The long-awaited launch of the GUN token has triggered frustration among early investors after unexpected changes were made to its vesting schedule.
Investors who backed the project up to five years ago were told they would not receive tokens at launch, despite earlier expectations of partial unlocks. The update came just before the token generation event (TGE), leaving some backers feeling sidelined as the token began trading publicly.
The changes appear to have reduced the circulating supply of GUN at launch, contributing to an inflated fully diluted valuation (FDV) relative to the market cap. Gunzilla Games, the studio behind Off the Grid, has offered investors the option to accept the revised terms or request a refund.
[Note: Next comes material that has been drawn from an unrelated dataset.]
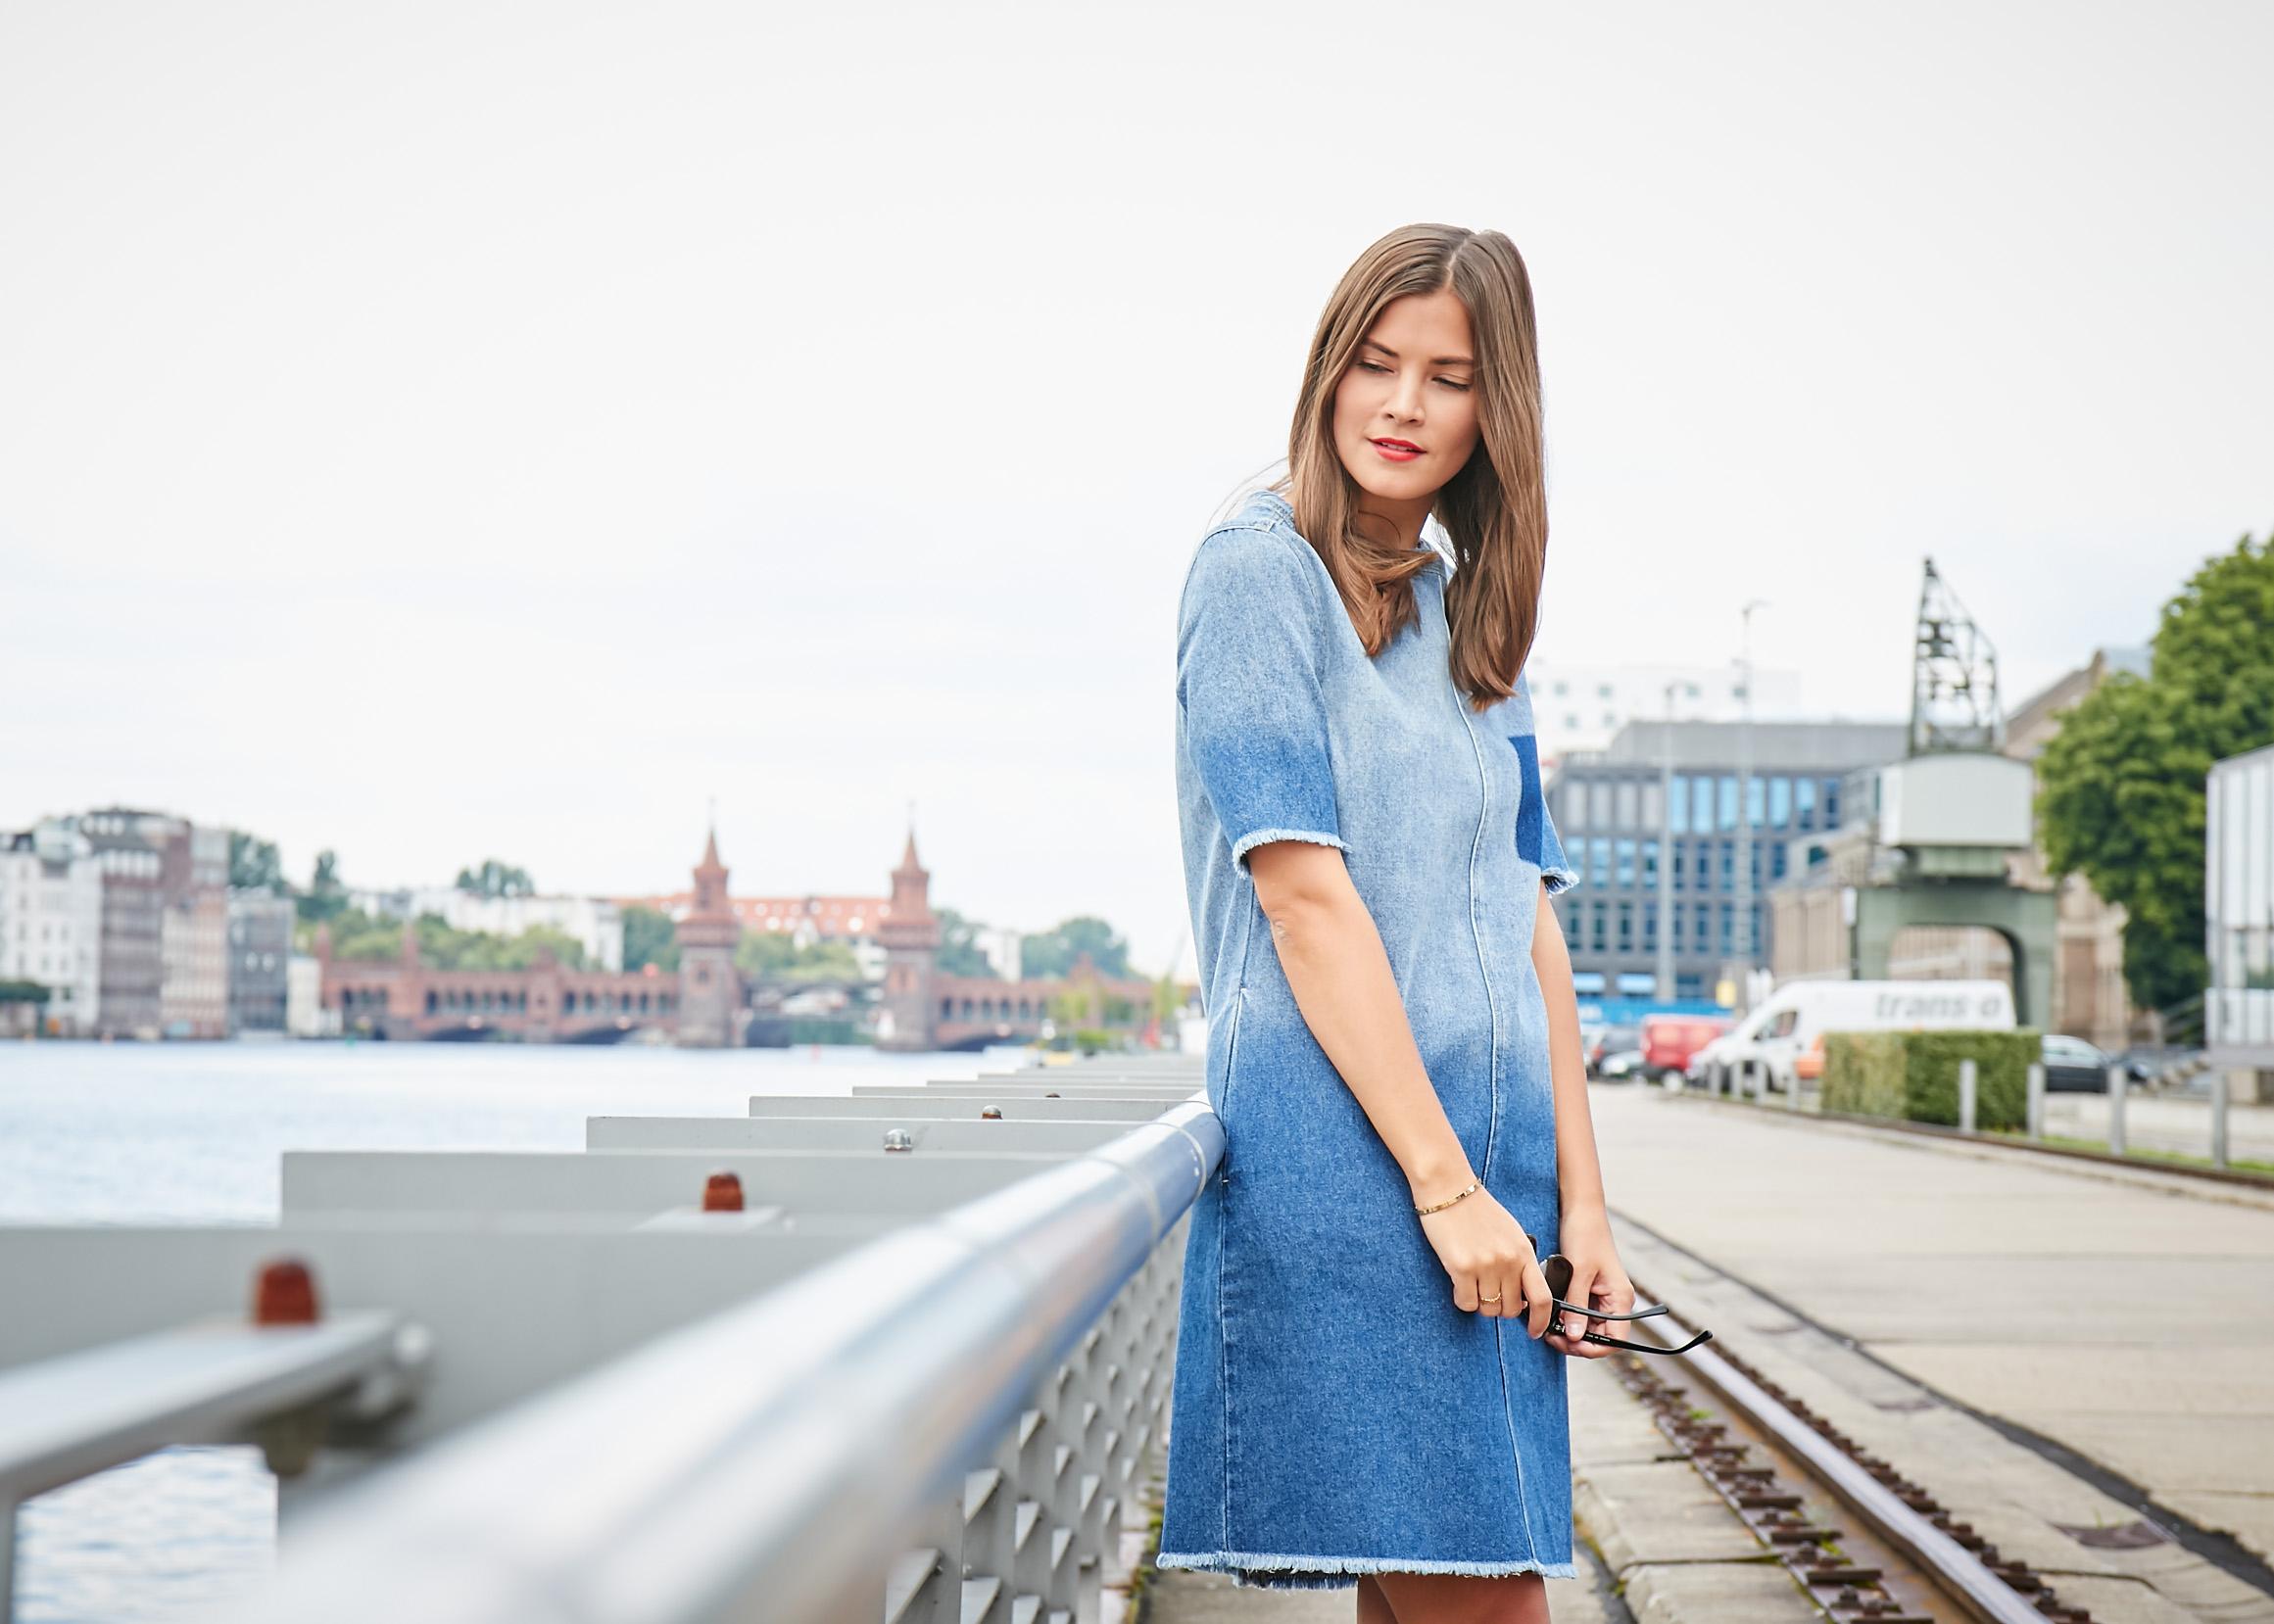 Mavi mit Fashiioncarpet und einem kurzen Jeanskleid

What was the controversy all about?
According to a widely shared tweet by @graildoteth, investors who had committed capital as early as five years ago were informed via email of a revised vesting schedule for their tokens. Initially expecting a partial unlock at the token generation event (TGE)—5% for seed investors and 2% for strategic investors—the new terms now impose a 12-month cliff with no tokens released at launch.
The email from Gunzilla Games offered investors the option to accept the updated terms or request a refund. It cited the need to “foster a robust and healthy foundation” for the project’s token economy, based on insights from the past year of testnet activity.
The change has drawn criticism for being introduced at the last minute, particularly from investors who had held their positions for up to five years. Grail.eth described the move as a “pretty bad treatment” for investors, arguing that it concentrates token supply and inflates the market value whilst excluding early backers from initial gains.

How has the token performed since launch?
The GUN token launched on Monday and initially rose to a peak price of $0.115 before falling more than 30% over the course of the day.
It is currently trading just above $0.064, according to CoinGecko. Only about 6% of the total 10 billion token supply is in circulation, most of which is allocated to exchange rewards programmes.
This small float has resulted in a market capitalisation of under $50 million, but the FDV—based on the total supply—briefly surpassed $1 billion during peak.